I didn't have much idea what it was about but: OMG as she would say, was it right up my avenue, or wot?! A movie about 80's rock music, with soundtrack including loads of my favourite rock songs, including one from Bon Jovi. In hindsight, the poor teenager didn't stand a chance. It was an early showing and fairly empty and other people were singing too. She gave up after about the 18th time of hissing "Mum, stop singing". Last to leave the auditorium - with not another soul in sight - I air punched and hair swang up the aisle to 'Paradise City', while DD1 slid along the wall squealing 'stop it', looking like she might faint. As I reached the door, I abruptly turned my final air punch into a hair smooth as the usher came in with his black plastic sack to collect the rubbish. A tiny cry escaped DD1. Still singing (quietly) walking along the high street I got: "Mum, you look like you're drunk. Please, can you just hold on until we get in the car?"

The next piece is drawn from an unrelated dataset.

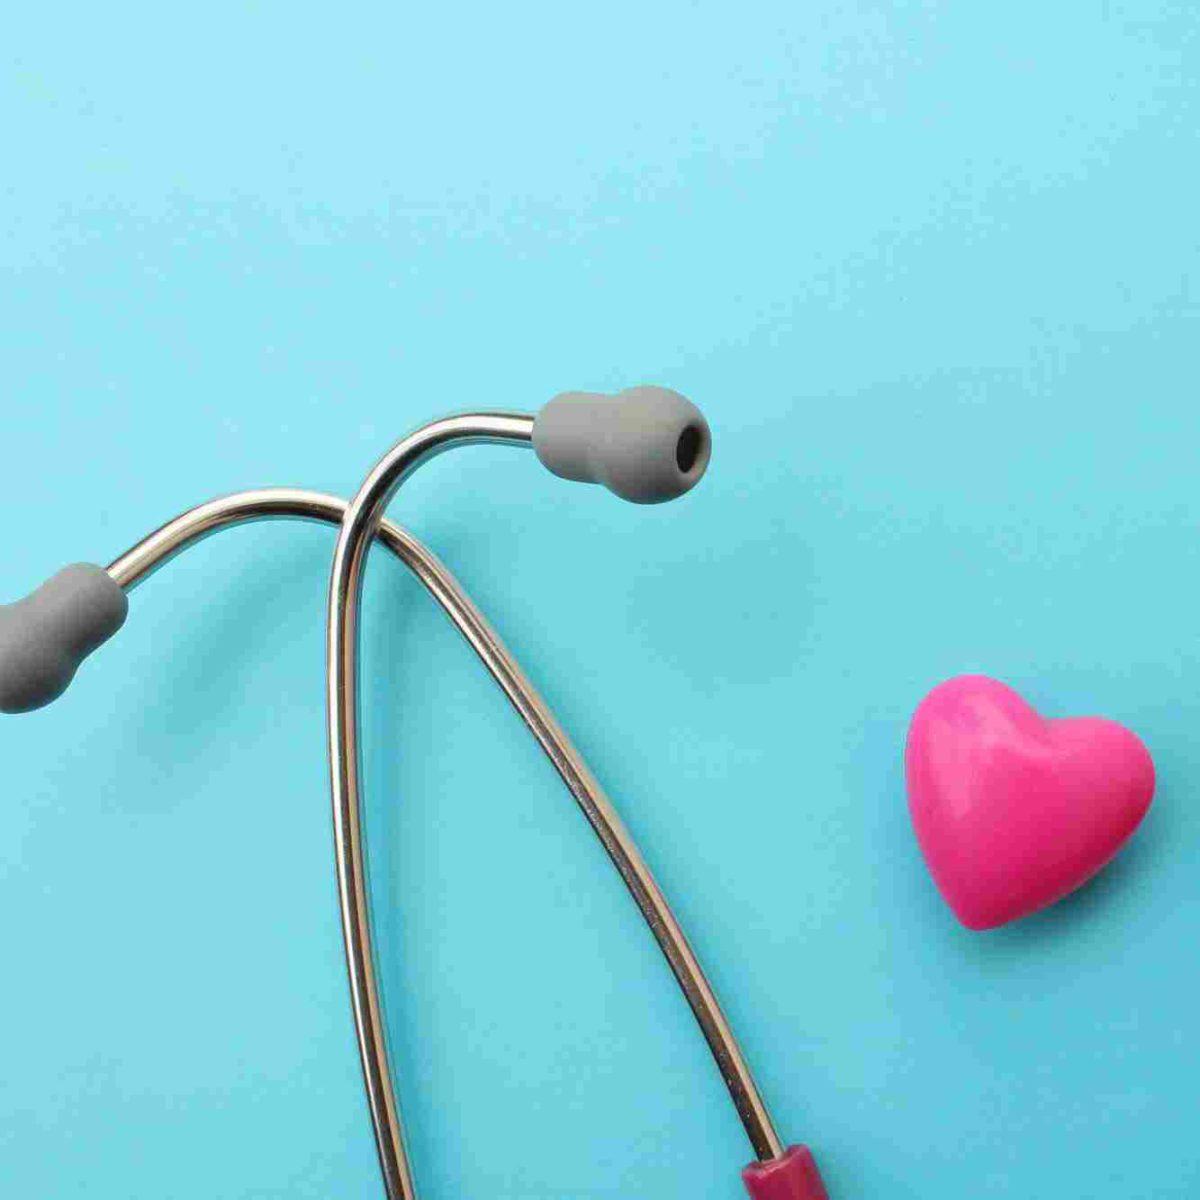 http://www.chiropracteur-plaisance.fr/wp-content/uploads/2015/12/srce-i-stetoskop-1200x1200.jpg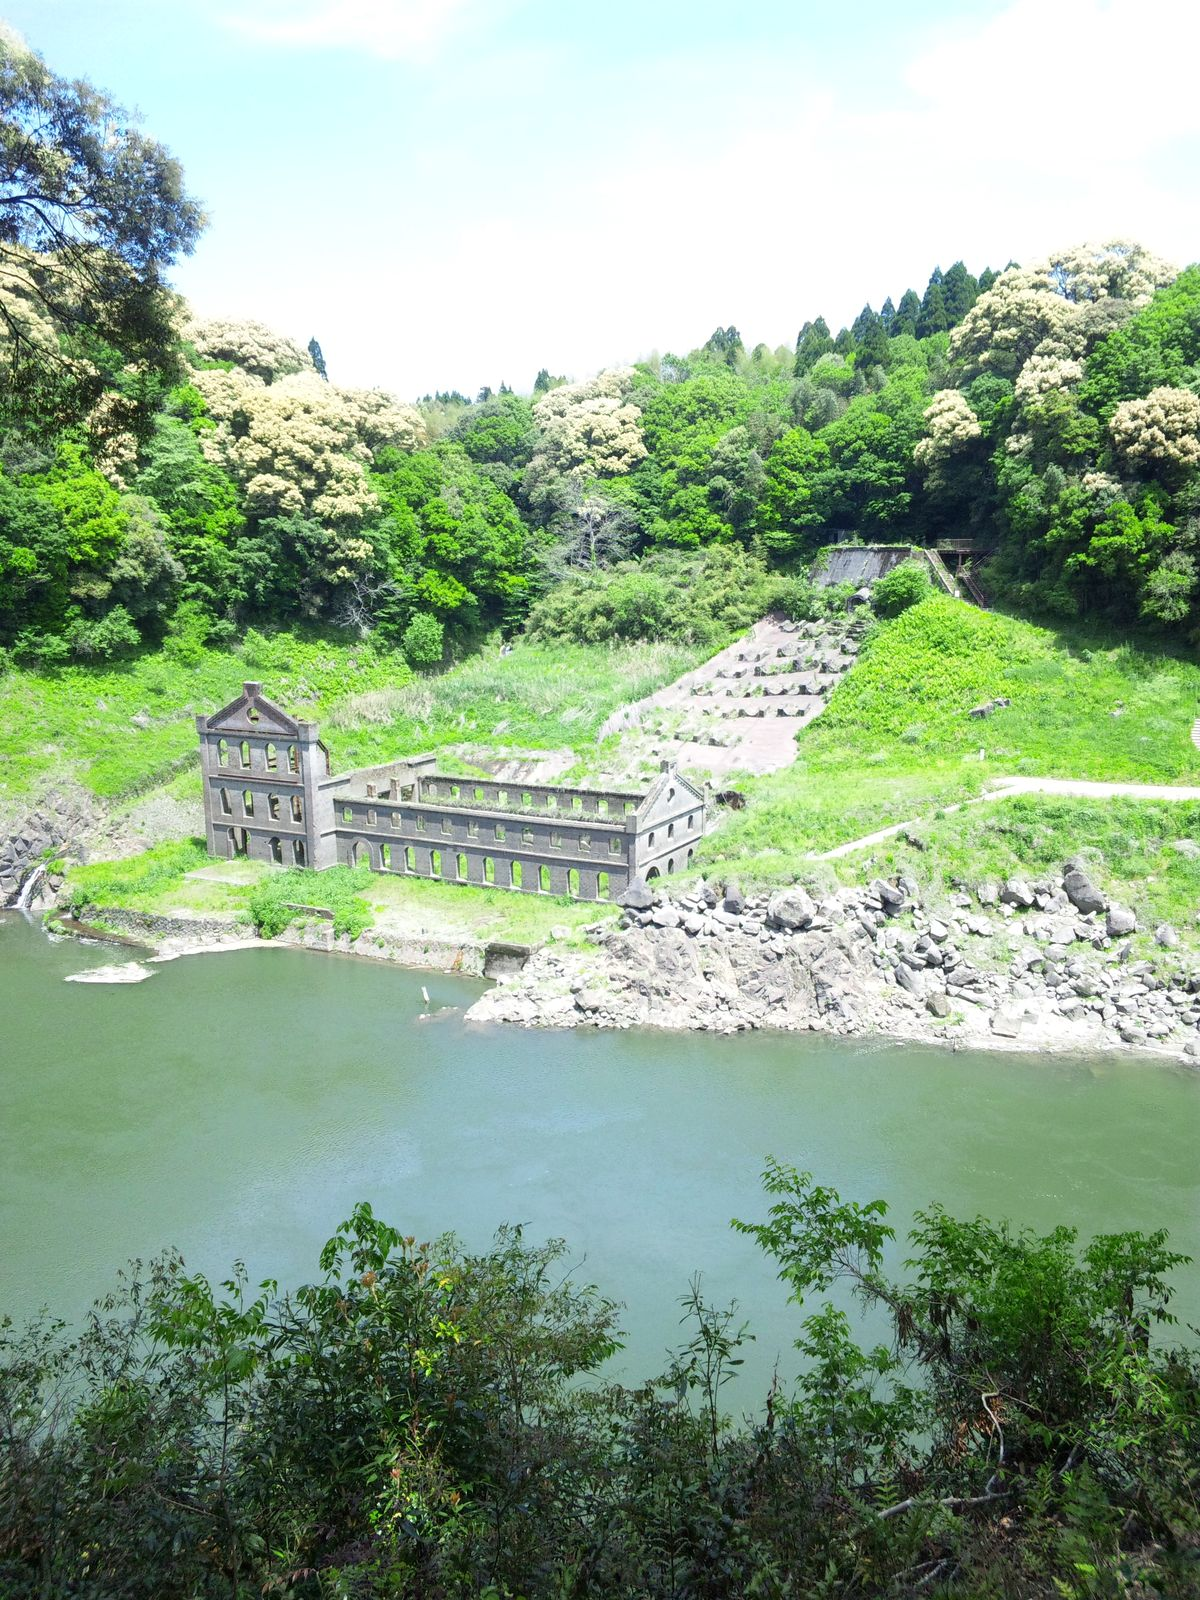 ダム 水没 建物

Earlier in the week, we'd gone to the supermarket to choose dinner without the restraint of our little fussy eater (currently facing snails, and amphibian legs) and I sang, apparently too loudly, 'Just the Two of Us'. Again, reprimanded. I don't set out to embarrass, but as my very existence is enough to mortify if we're spotted by anyone she knows under the age of twenty, a little singing can't make it much worse, surely? Besides, unless I'm very much mistaken, there was a grin in the grimace from the daughter. And when I said goodnight, she gave me an extra hard cuddle as she shook her head in despair.
All of which provides me with the perfect excuse to post gratuitous pics of my number one boys taken at gigs where I can air guitar and head bang amongst like minded people. Ladies, you're welcome.